**Description of the task:** The answer must consist solely of the lines from the one with "Canon Image Runner" through the last line of the data, copied exactly, with no pictures.

-------- Source data --------

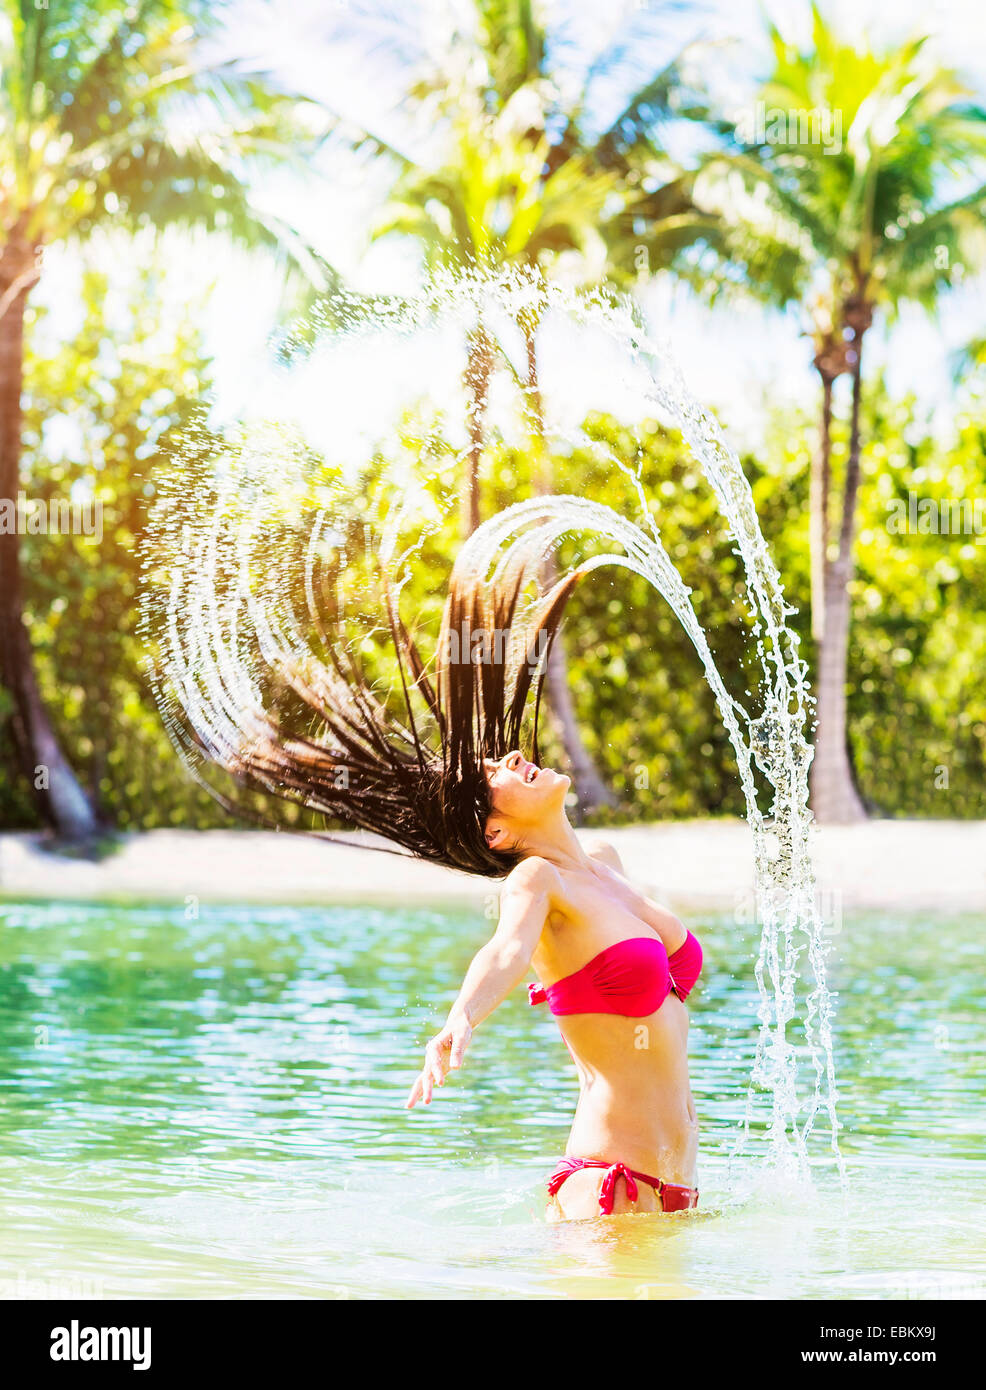 USA, Floride, Jupiter, Portrait of young woman wearing bikini tossing sèche et aux projections d'eau dans le lagon tropical Banque D'Images
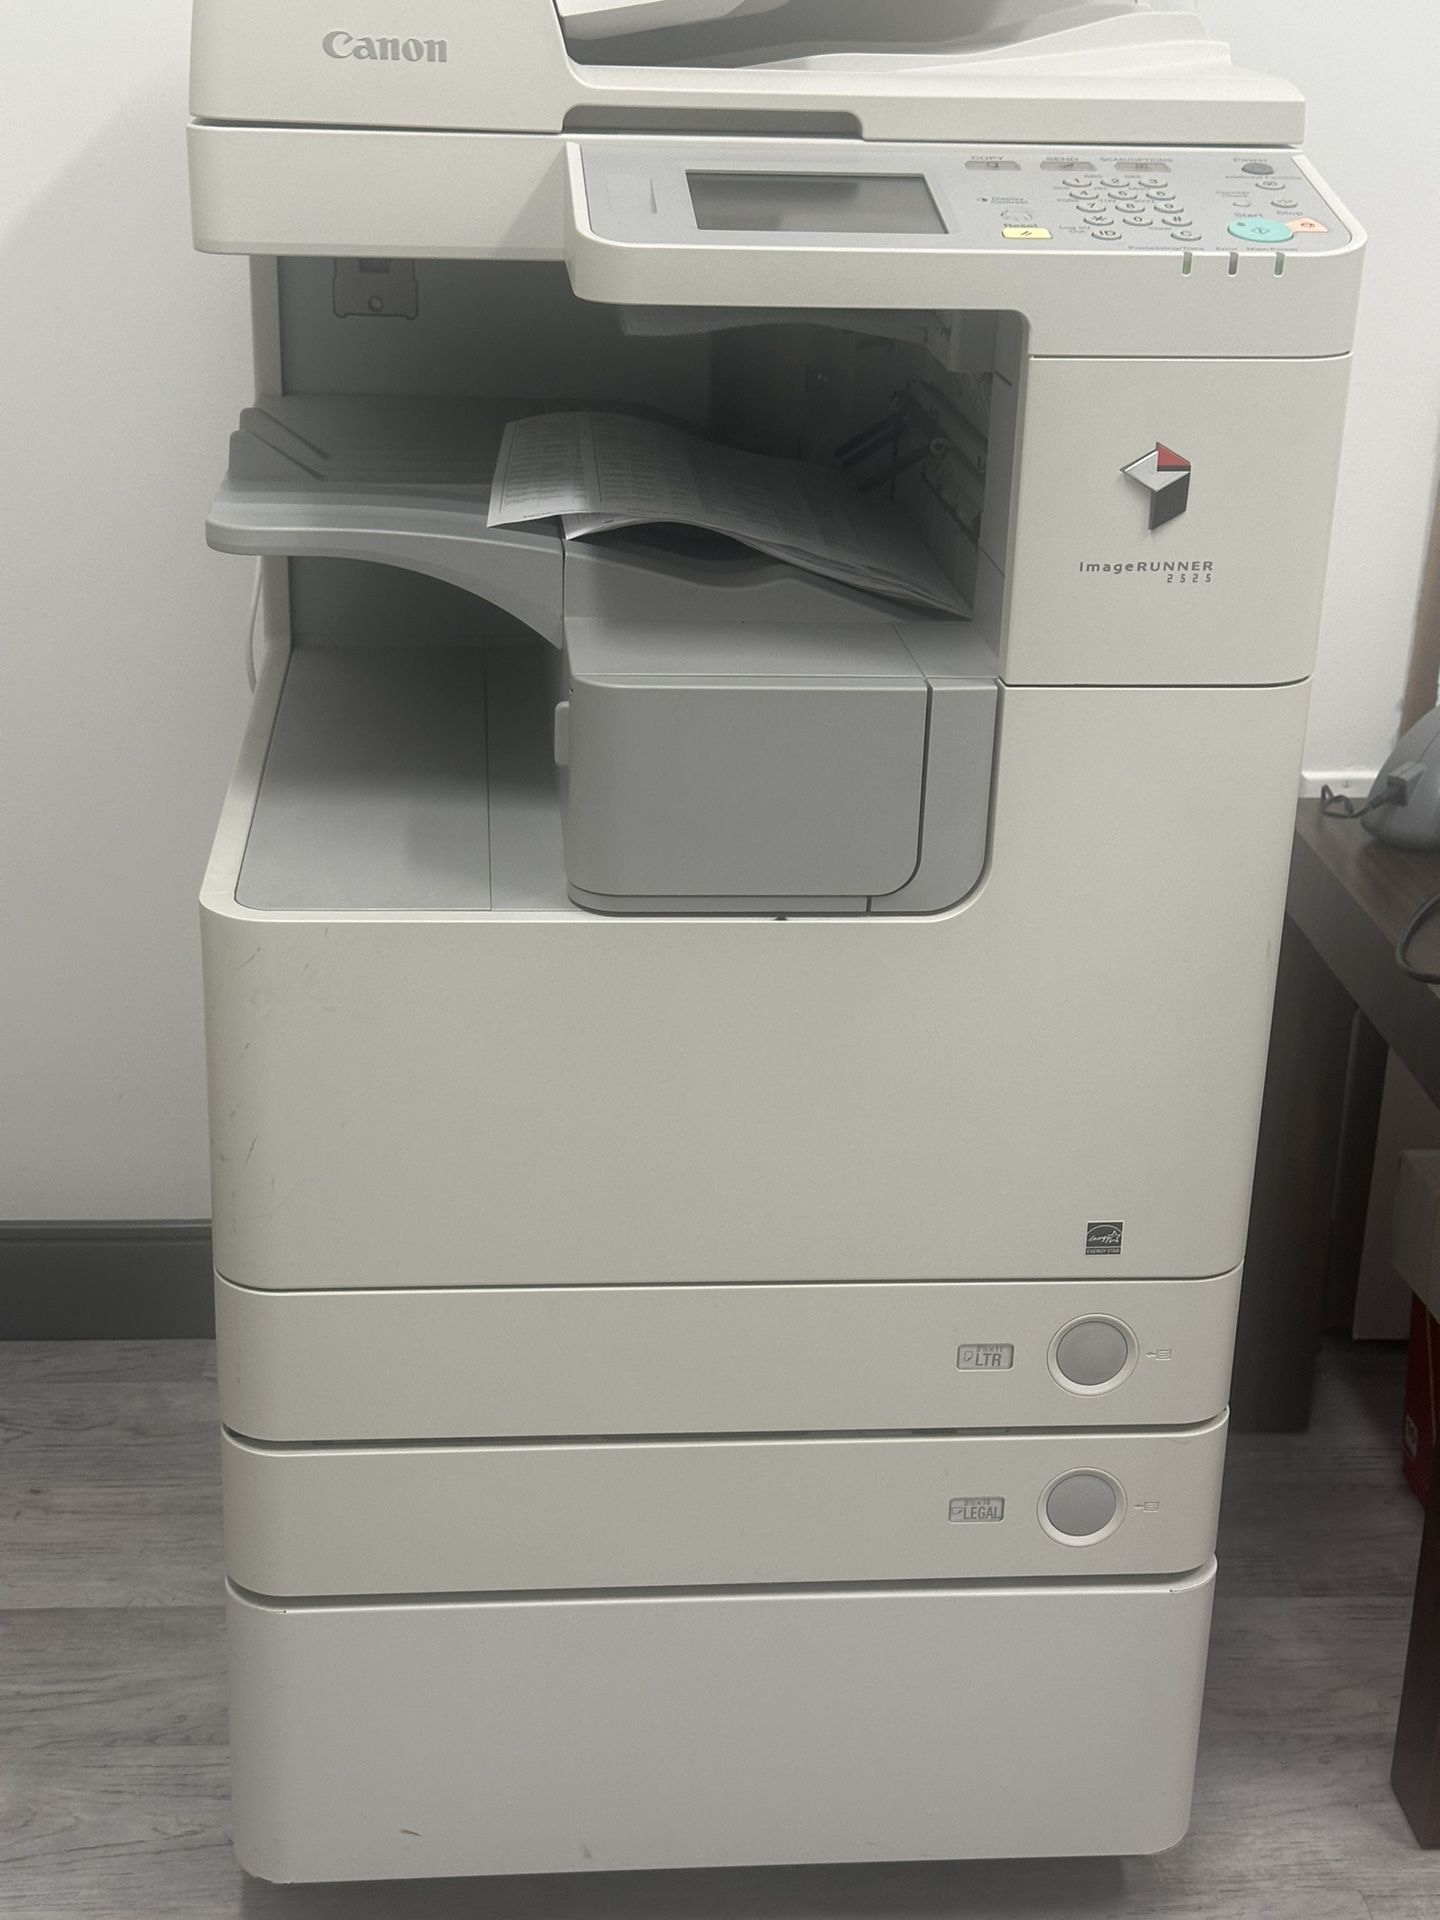 Canon Image Runner 2525 Printer Copier Scanner Machine 
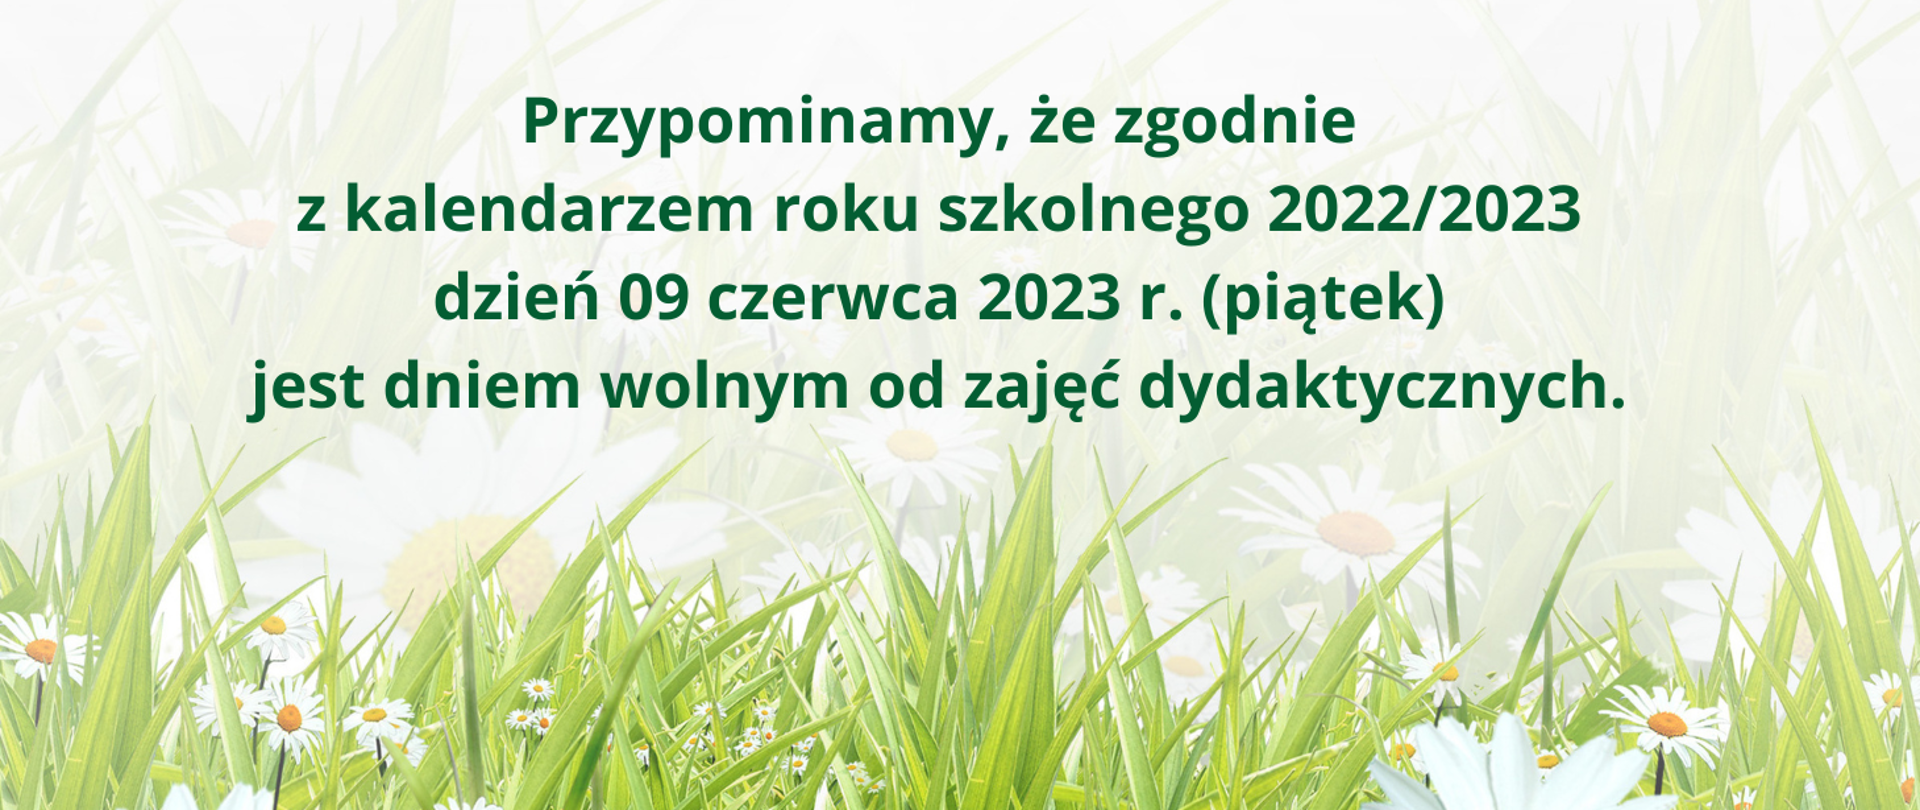 Tło obrazka [przypomina łąkę pełną stokrotek. U góry obrazka zielony napis: "Przypominamy, że zgodnie z kalendarzem roku szkolnego 2022/2023 dzień 09 czerwca 2023 r. (piątek) jest dniem wolnym od zajęć dydaktycznych".

--------

**Reply:**
 Canon Image Runner 2525 Printer Copier Scanner Machine 
 Tło obrazka [przypomina łąkę pełną stokrotek. U góry obrazka zielony napis: "Przypominamy, że zgodnie z kalendarzem roku szkolnego 2022/2023 dzień 09 czerwca 2023 r. (piątek) jest dniem wolnym od zajęć dydaktycznych".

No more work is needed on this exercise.